3. Entrepreneurs are born, not made.

Research has shown again and again that entrepreneurs really do not necessarily come from parents who were entrepreneurs, and that there’s no statistical correlation between them, nor is there a gene that makes you an entrepreneur. It’s basically a skill that can be acquired over time.

4. Entrepreneurs love risk.

I know you have heard all this time and time again. Research has shown that the typical entrepreneur is not any more risk-seeking than the typical manager. They can be described as clever risk managers. They seek to mitigate the risk of venture capitalists and investors before they invest. Other entrepreneurs manage a management team in charge of risk by hiring key employees or building potent advisory boards. So entrepreneurs don’t seek out risk. They don’t prefer it. They attempt to manage it through careful experimentation and resource leveraging.

5. Successful entrepreneurs are charismatic.

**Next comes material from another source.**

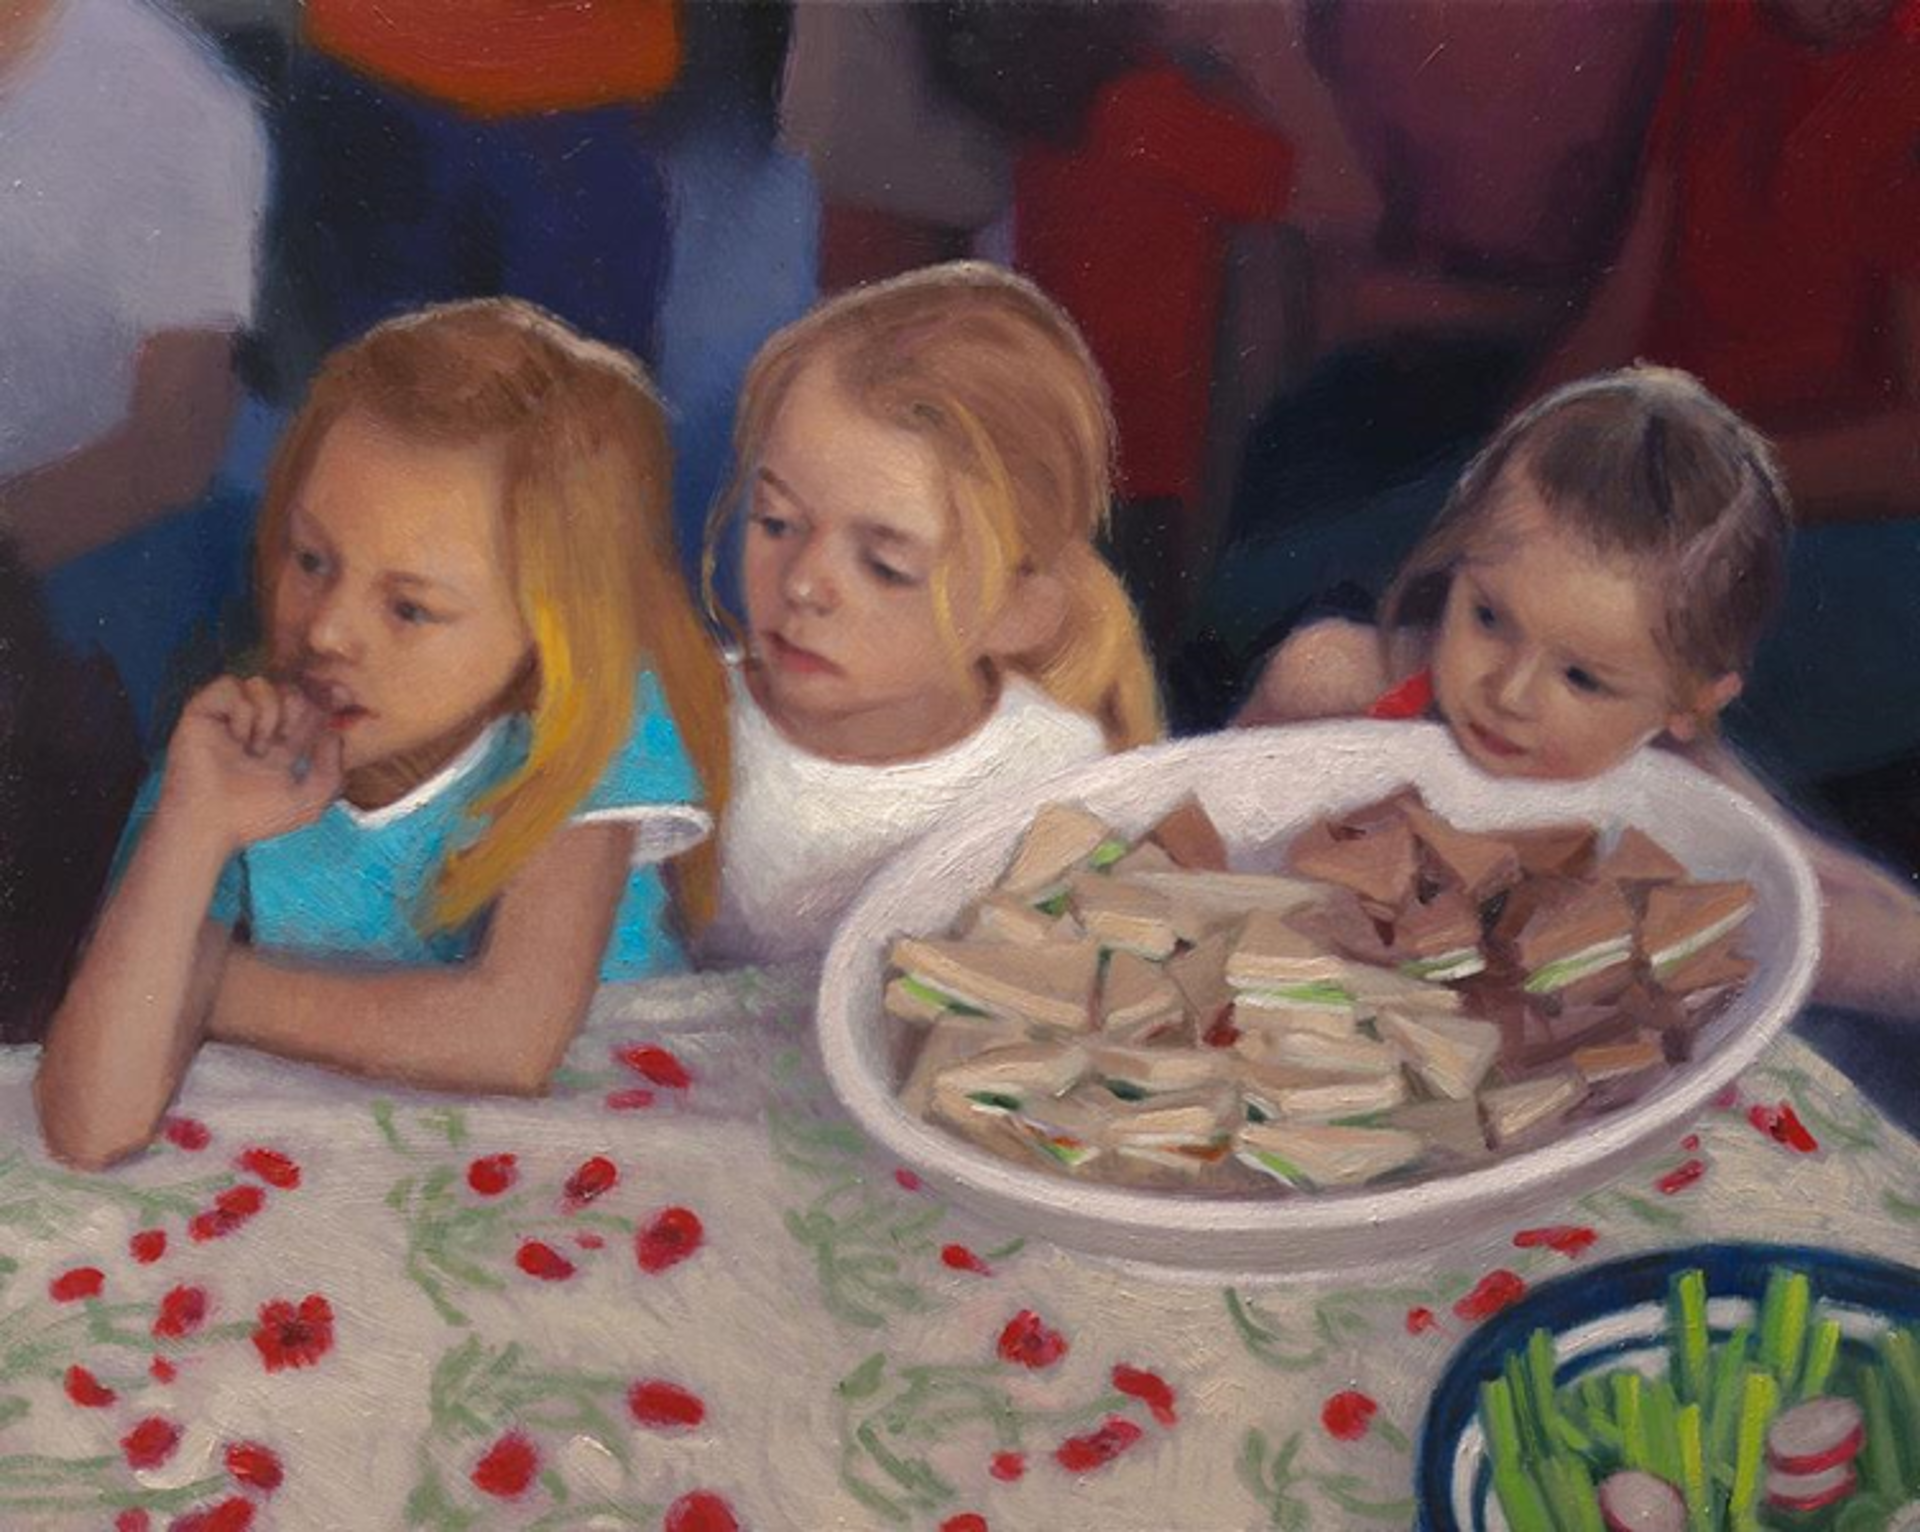 Anticipation of Cake by Ocean Quigley
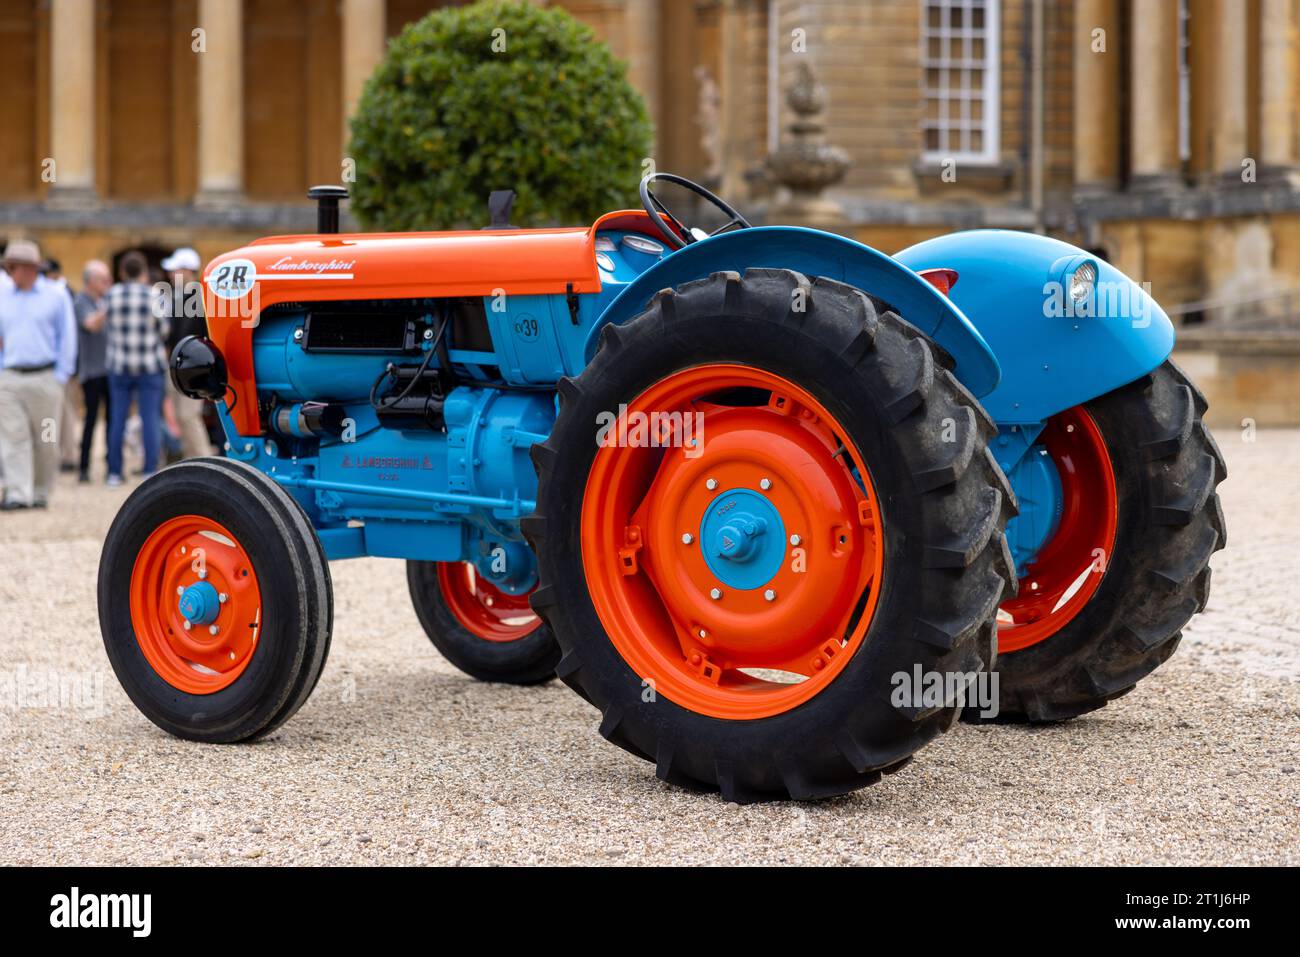 1964 Lamborghini 2R Tractor, on display at the Salon Privé Concours d’Elégance motor show held at Blenheim Palace. Stock Photo

Entrepreneurship is about effecting change, and effecting change is about leadership. Research has actually shown that charisma is not correlated with success in changing the world, but it focuses on these things:

  • Do you have a vision?
  • Do you have the sense-making capability to understand what’s going on in the world?
  • Do you have the ability to make sense of what’s going on in the world?

6. You have to be rich to be an entrepreneur or have a ton of money to get started.

Jeff Bezos started on a shoestring and funded Amazon with his parents’ guarantees, supplier loans, and overdrawn credit cards. In other words, with his available means. Instead of going on vacation, you can start a venture. In small, explorative steps, you employ the available means—your money, time, and other people’s trust.